Wiedmer: Committee does University of Kentucky no favors

Theoretically, the NCAA Men's Basketball Tournament's overall No. 1 seed is supposed to have the easiest road to the Final Four in the Big Easy. That's why it's so coveted. That's why ESPN "Bracketologist" Joe Lunardi takes on Justin Bieber cult status over the first two weekends of March.

And when it comes to geography, the NCAA Selection Committee couldn't have been more kind to overall No. 1 Kentucky.

The Wildcats will face the Mississippi Valley State-Western Kentucky play-in game winner on Thursday in Louisville. Win that one and the next one inside the University of Louisville's sparkling Yum! Center and UK would play its Sweet 16 and Elite Eight games at the Georgia Dome in the city Big Blue backers have long labeled Catlanta.

Kind of the cushy road you'd expect for Numero Uno, wouldn't you say?

But it's that second game in Louisville on Saturday that should have the Big Blue Nation panicking and paranoid.

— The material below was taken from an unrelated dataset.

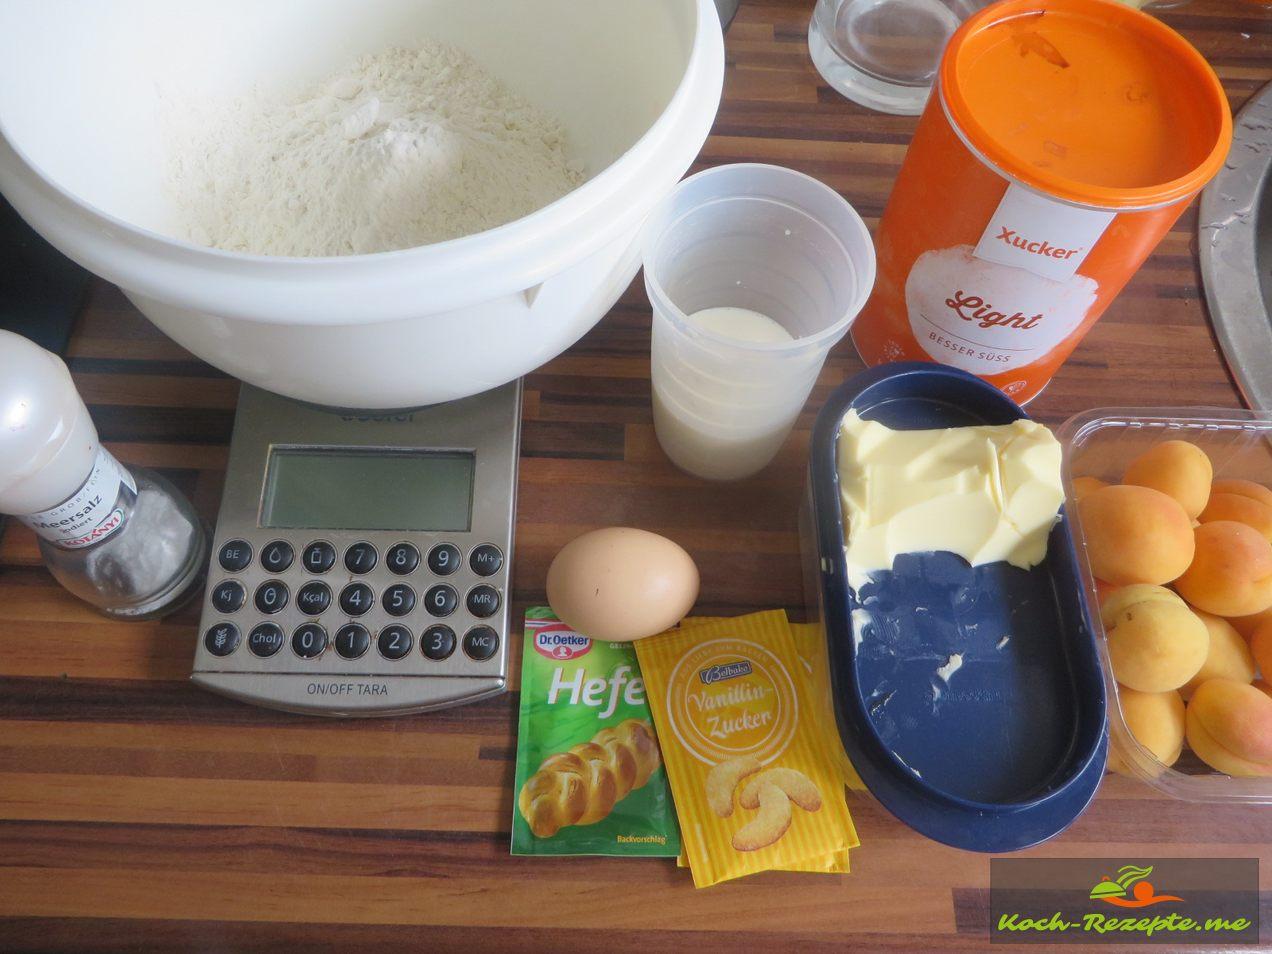 Zutaten für den Marillenknödel: 125 ml warme Milch 20 g weiche Butter 1 Ei Zimmertemperatur 25 g Xucker (Zucker) 10 g Vanillezucker

Let defending national champ Connecticut get past overachieving Iowa State on Thursday and the Huskies and Wildcats will reprise their Final Four meeting of a year ago, the one UConn won on its way its third national title since 1999.

But rather than have me rant about this pairing, let me turn this situation over to ESPN analyst Dick Vitale.

"By far, the South Region is the toughest," said Vitale. "The committee did no favors to the team rated overall No. 1. You look at Connecticut and they've got two (NBA) lottery picks, one perimeter (Jeremy Lamb) and one interior (Andre Drummond). Anytime, you've got that, you've got a chance."

This isn't to say UConn didn't deserve to be a No. 9 seed or worse. Over one 41-day stretch from mid-January to late February, the Huskies lost nine of 12. They finished 20-13 after a Big East tourney quarterfinal loss to Syracuse.

And perhaps by that measuring stick only, UConn-UK makes sense. After all, if the committee truly follows the S-curve -- best No. 1 against weakest No. 2, weakest No. 4 against strongest No. 5, etc.) -- then UConn probably was the strongest No. 9 against the weakest No. 8.

But the committee also likes to talk about the eye test -- which team's really better rather than the team that merely has the better record -- and despite their occasional lapses of effort and interest, this is the same UConn team that began the season ranked 4th nationally.

Heck, more than one of ESPN's talking heads during last week's Big East tourney said of these Huskies, "This team's more talented than last year's national champs."

So now this entire tournament can be expected to turn on a second-round game inside the Yum! Center this Saturday. Will the Wildcats become basketball version of Yum! Brands' Kentucky Fried Chicken? Or will the Wildcats erase "defending" national champ from the Huskies?

Not that this was the only fascinating match-up the committee could make possible. Let North Carolina reach the Midwest final and the Tar Heels will have to beat Kansas in St. Louis.

Vanderbilt -- which looked so strong in Sunday's SEC tourney win over UK -- opens against fellow academic giant and Ivy League champ Harvard.

Joked ESPN's Jay Bilas on Sunday evening, "Harvard's verbal scores are outstanding, but Vanderbilt's better in math."

Moreover, Florida could meet Missouri early in the West Regional, two teams as close to mirror images of each other as possible.

And should UK survive UConn, Big Blue could meet the only other team to beat it -- Indiana -- in a regional semi before possibly facing South No. 2 Duke in a rematch of the "Christian Laettner Game" 20 years ago.

No wonder Bilas echoed Vitale in calling the South, "The toughest region."

But the region's toughest game would be UConn-UK.

Said UK coach John Calipari Sunday night, "I'm told we have the toughest bracket. Let's just play each game like it's our last and see what happens."

If UConn isn't Kentucky's last game of the season, expect the Wildcats to join West No. 2 Missouri, North Carolina and Vanderbilt in the Final Four.

Otherwise, expect the Huskies to make their third Final Four in four years, with North Carolina winning it all either way.